Currently, parsers used in industry require the usage of regex patterns to extract dynamic and static parts from a log, but this raises a couple of issues:

  • Regex is quite difficult to maintain
  • If log formats change, then regex patterns need to change

This brings us to the main question the log parsing community is working on: can we parse logs without needing regex? Can we use natural language techniques to do?

(And to the ML bros: ML is a decent idea but it doesn’t work practically in the high-scale environments of log parsing, where logs must be converted within milliseconds. Maybe if technology catches up where inference time can be that quick, it might become a practical approach)

Our professor worked on an algorithm called PILAR that uses basic n-gram processing techniques to identify the static and dynamic parts of a log, but it was a proof-of-concept algorithm that could not be used in a production system. The initial algorithm could not handle millions of log events being thrown at it in a single second, Furthermore, the system could not integrate with popular logging systems and could not handle parsing log streams; it could only parse files of logs.
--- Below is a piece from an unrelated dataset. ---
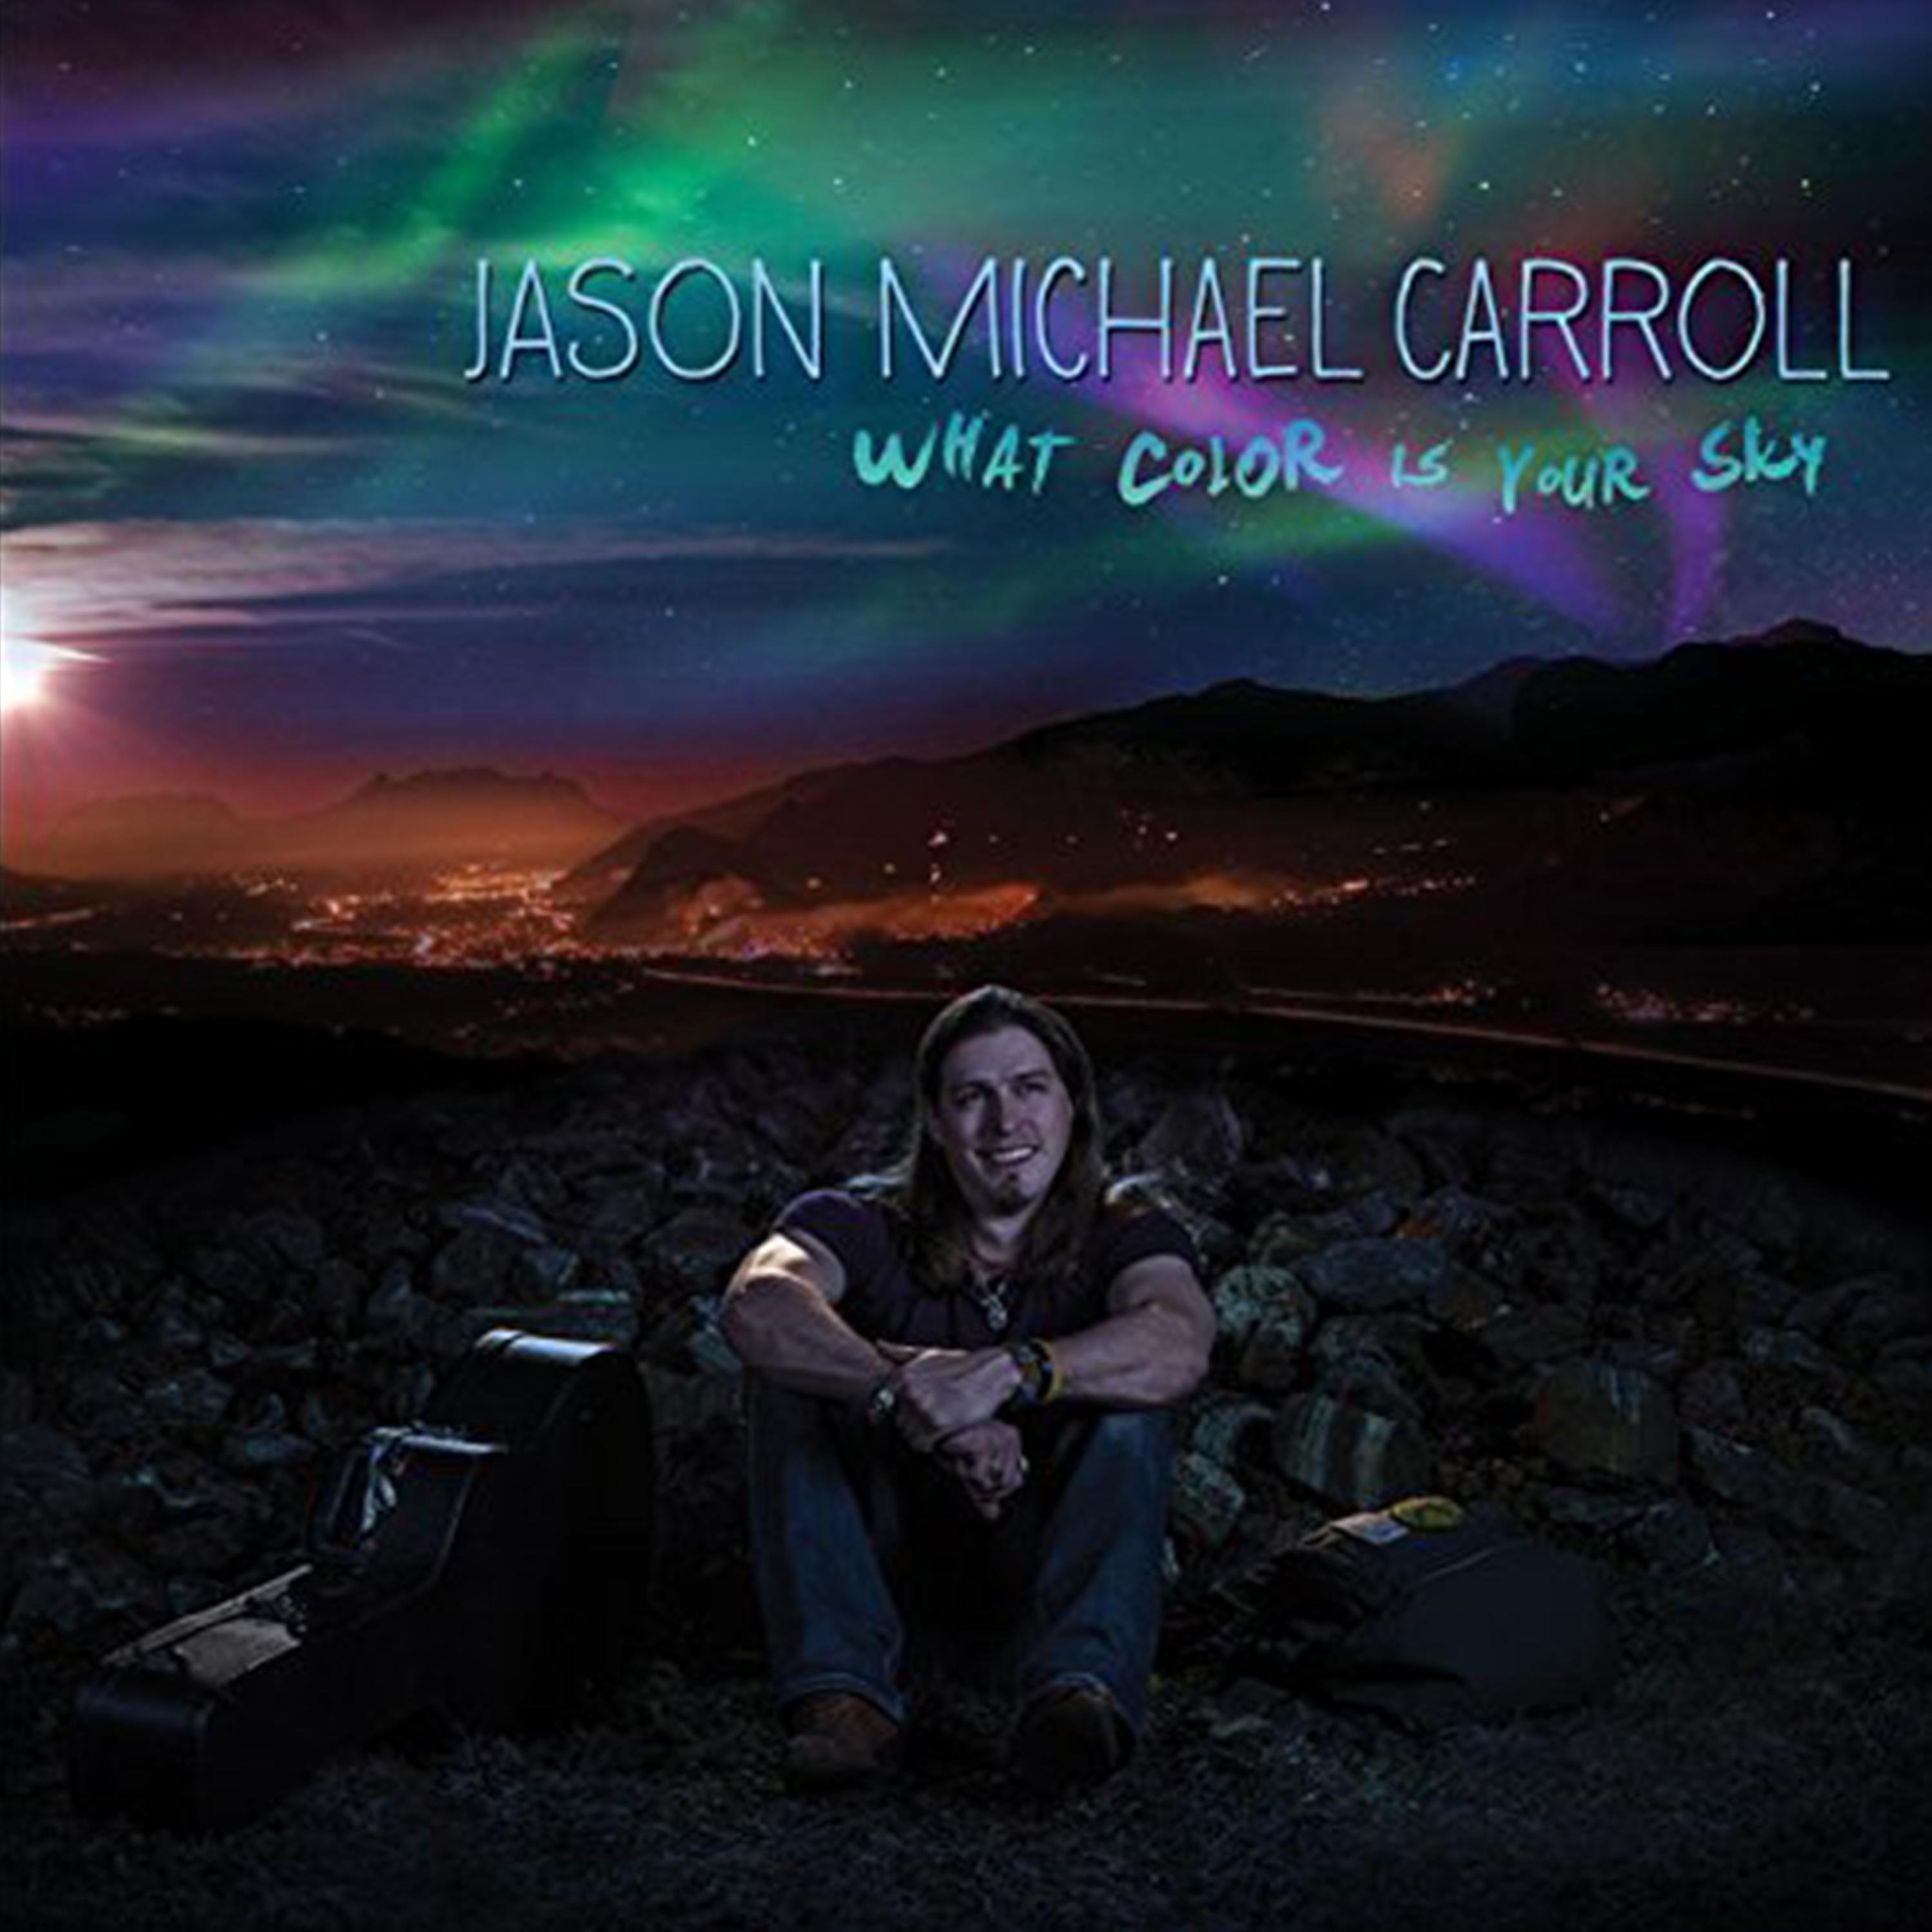 Jason Michael Carroll - Does He Know

Our project revamped his initial system into a log parsing plugin that could be used in extremely performant software engineering environments. We made several improvements to his algorithm, including:

  • Converted the algorithm into a plugin that could integrated into Logstash, a leading open-source log framework used in many companies
  • Re-architected the system to enable stream processing of logs
  • Engineered several optimizations, including concurrency and caching, to make PILAR work at lightning speeds.

We finished most of the work in our 4A term while we were on exchange, having weekly calls and doing a bunch of async work. In our 4B term, we did some final touchups and performance benchmarking and finally presented our project at the SE Symposium. You can check out our poster below (made in Figma):

Our professor encouraged us to submit the project to the Foundations of Software Engineering Student Research Competition. We unexpectedly got accepted for our submission and wrote up a paper for a competition, a first for all of us on the team. Our submission can be found here. Feel free to email me if you want the manuscript!

Tips for success on FYDP

FYDP can be an unnecessary stressful burden for many engineering students. Here are some tips to make it a more enjoyable experience:

  • Choose a good team: This is absolutely crucial and probably the biggest determinant if you will end up enjoying FYDP. How do you derisk your team selection? You need to work on small projects with them. Fortunately, SE’s FYDP program has an inbuilt method to try out a bunch of different projects with a team. I know a few people that found out that their initial team was not a good fit for their working style. It is much better to find this out early when you have committed deeply to any particular topic.
  • Look into research projects: research projects with professors are a great fit for FYDP as they are often well-scoped and are marked quite easily compared to “new product” categories. However, approaching professors to collaborate on a research project is a delicate art. Rather than cold-emailing professors and seeing if they have any available projects, you should try to align your interests with professors and propose topics that are in-line with their current research. This shows a lot more initiative to professors and they are a lot more willing to take your team under their wing.
  • Explore before you commit: One great thing about the SE FYDP program is that we have the chance to try out 3 different projects before we begin. If you are an SE student, use this time wisely to explore different ideas and different types of projects.
  • Frontload: Personally, my priority in 4B was to enjoy the last term with my friends and spend time with them as much as possible. FYDP can be a detractor from this, so try to do most of your work before 4B so you have your last semester to do whatever your heart wishes

Overall, FYDP was a great cherry on top of the SE experience. I had a great time building this project with my friends and learning more about a field of software engineering that I didn’t know much about. FYDP is an excellent opportunity for students to dive into their interests and marry it with software engineering principles!